Machine learning prediction and experimental validation of antigenic drift in H3 influenza A viruses in swine
Zeller, M.A., Gauger, P.C., Arendsee, Z.W., Souza, C.K., Vincent, A.L., and Anderson, T.K. Machine learning prediction and experimental validation of antigenic drift in H3 influenza A viruses in swine. bioRxiv Preprint doi:10.1101/2020.08.07.238279.

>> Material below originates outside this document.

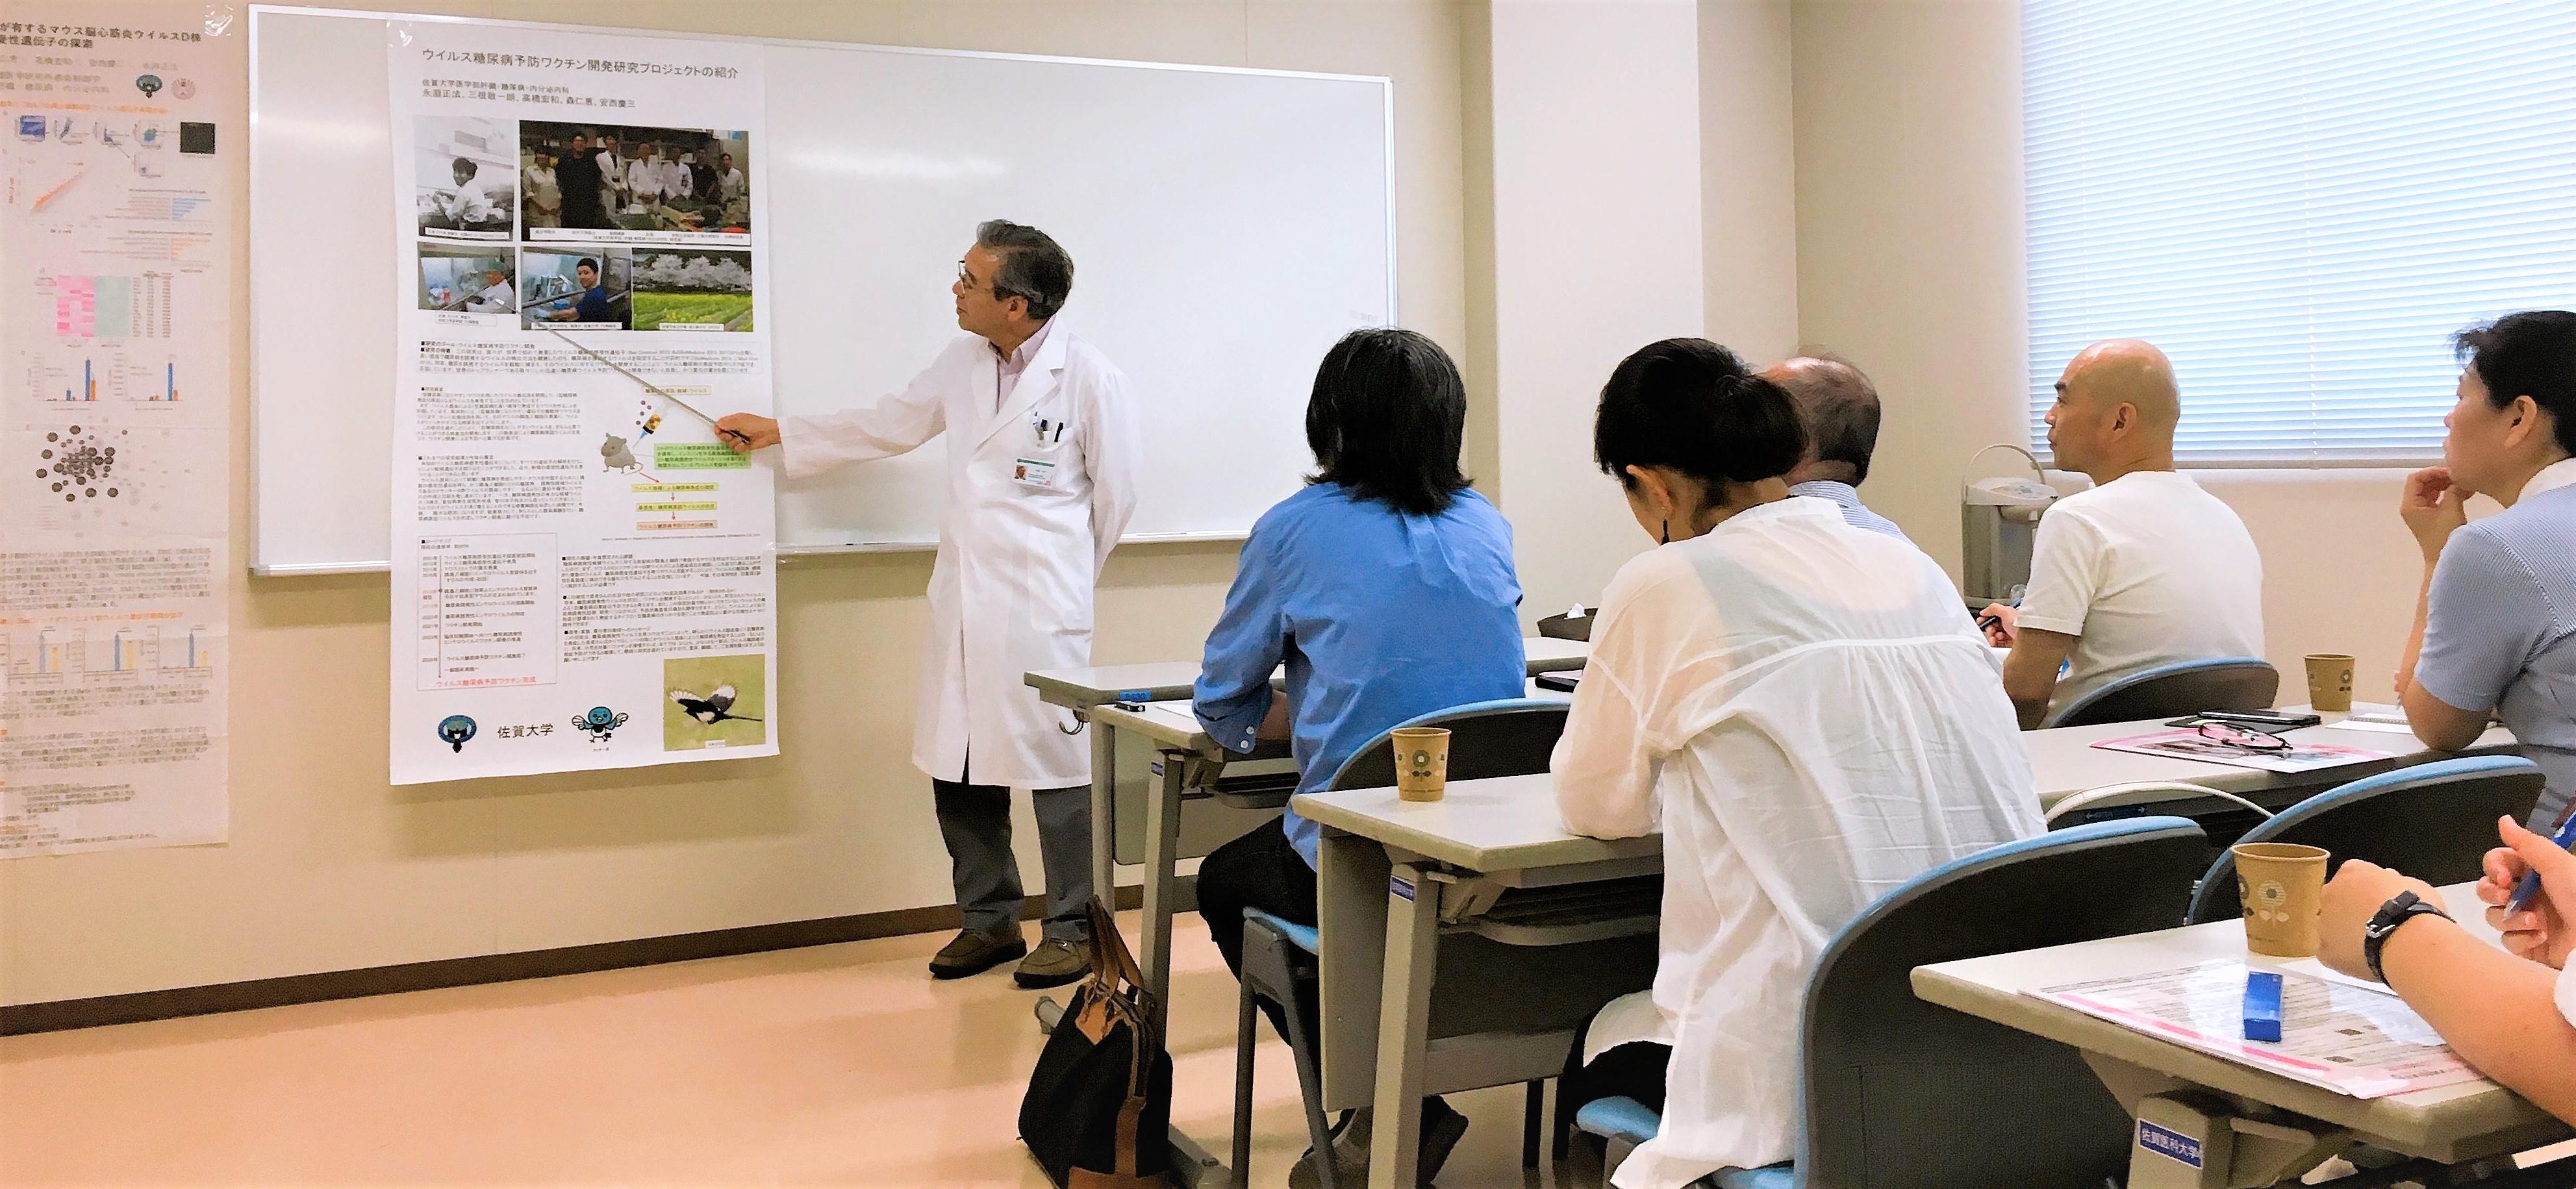 患者が行く!研究室訪問 佐賀大学 医学部肝臓・糖尿病・内分泌内科 特任教授 永淵正法先生
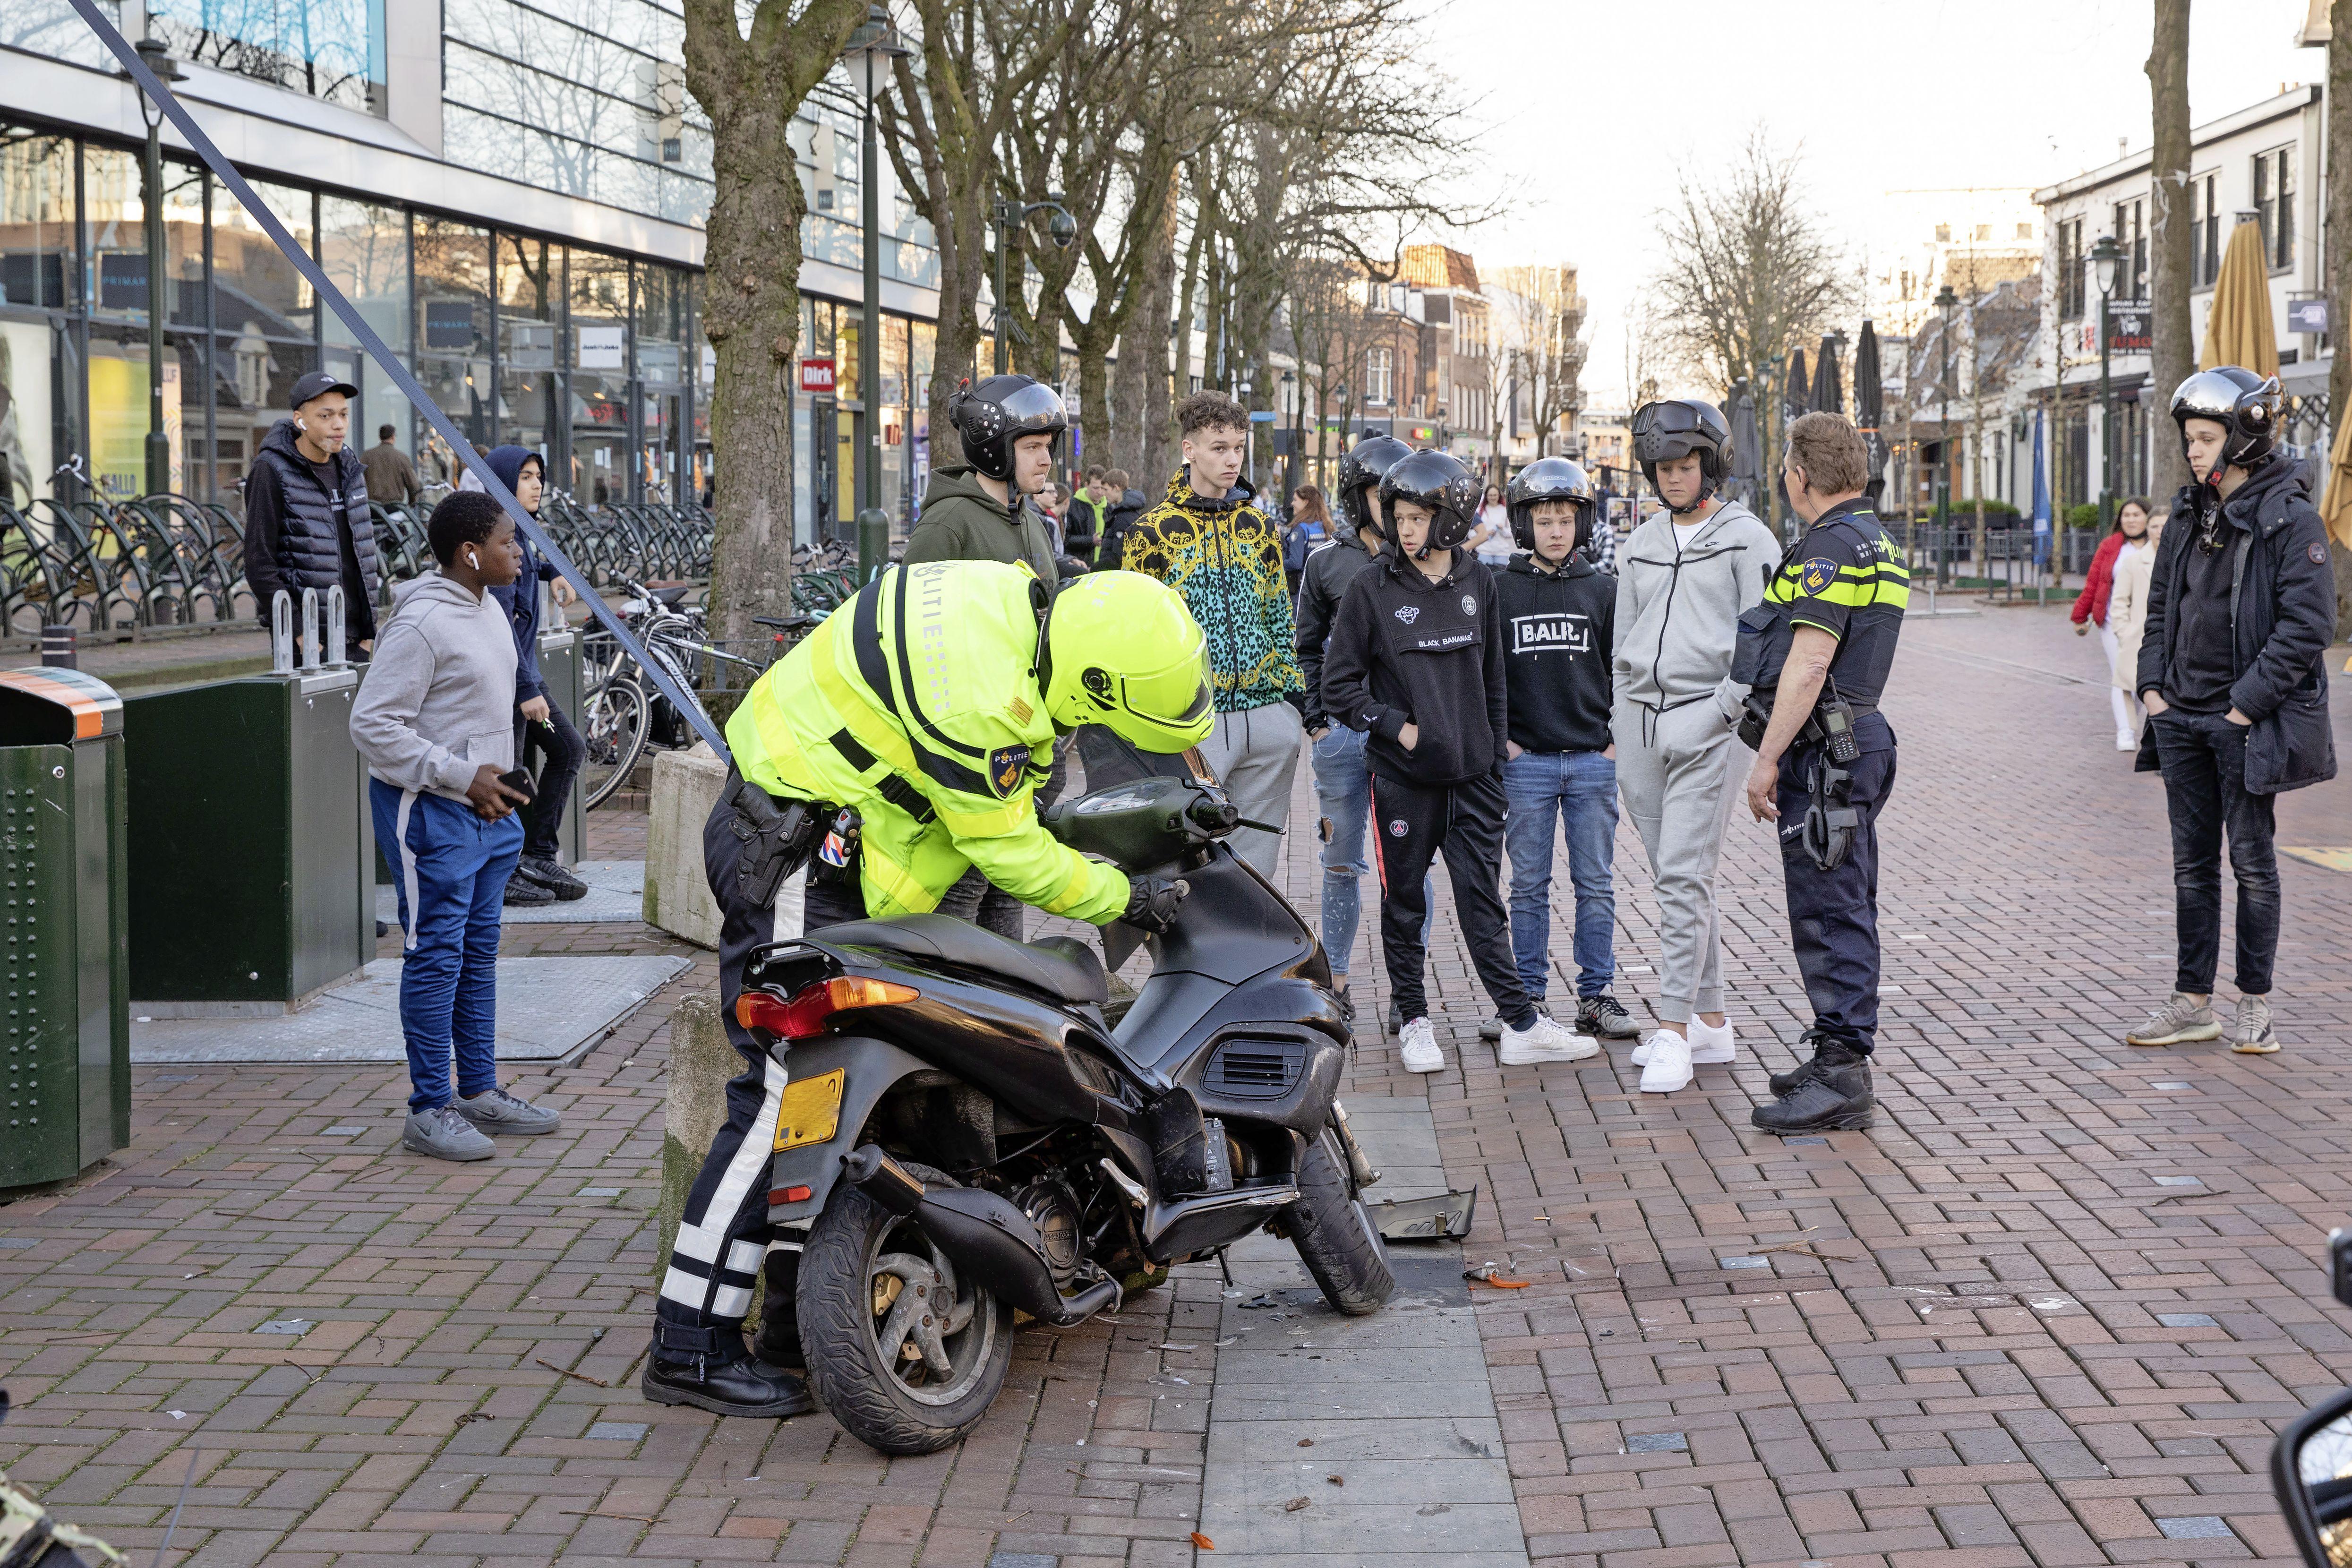 Onderzoek naar aanrijding met boa op de Groest in Hilversum: 'Die jongen had wel invalide kunnen zijn'

Abstract: The genetic and antigenic diversity of influenza A virus (IAV) circulating in swine challenges the development of effective vaccines, thereby increasing the zoonotic threat and pandemic potential of swine IAV. High throughput sequencing technologies and analyses are able to quantify genetic diversity of IAV, but there are no accurate approaches to adequately describe novel antigenic phenotypes. This study evaluated an ensemble of non-linear regression models to estimate virus phenotype from genotype. Regression models were trained with a phenotypic dataset of pairwise hemagglutination inhibition (HI) assays, using genetic sequence identity and pairwise amino acid mutations as predictor features. The model identified pairwise amino acid identity, ranked the relative importance of mutations in the hemagglutinin (HA) protein, and demonstrated good prediction accuracy following ten-fold cross validation. Four previously untested IAV strains were selected to experimentally validate the model predictions by HI assays. Error between predicted and measured distances of uncharacterized strains were 0.34, 0.70, 2.19, and 0.17 antigenic units. These regression models trained on HI data can be used to estimate antigenic distances between different strains of IAV in swine using sequence data. By ranking the importance of mutations in the HA, this method provides criteria for identifying antigenically advanced IAV strains that may not be controlled by existing vaccines and can inform strain updates to vaccines to better control this important pathogen.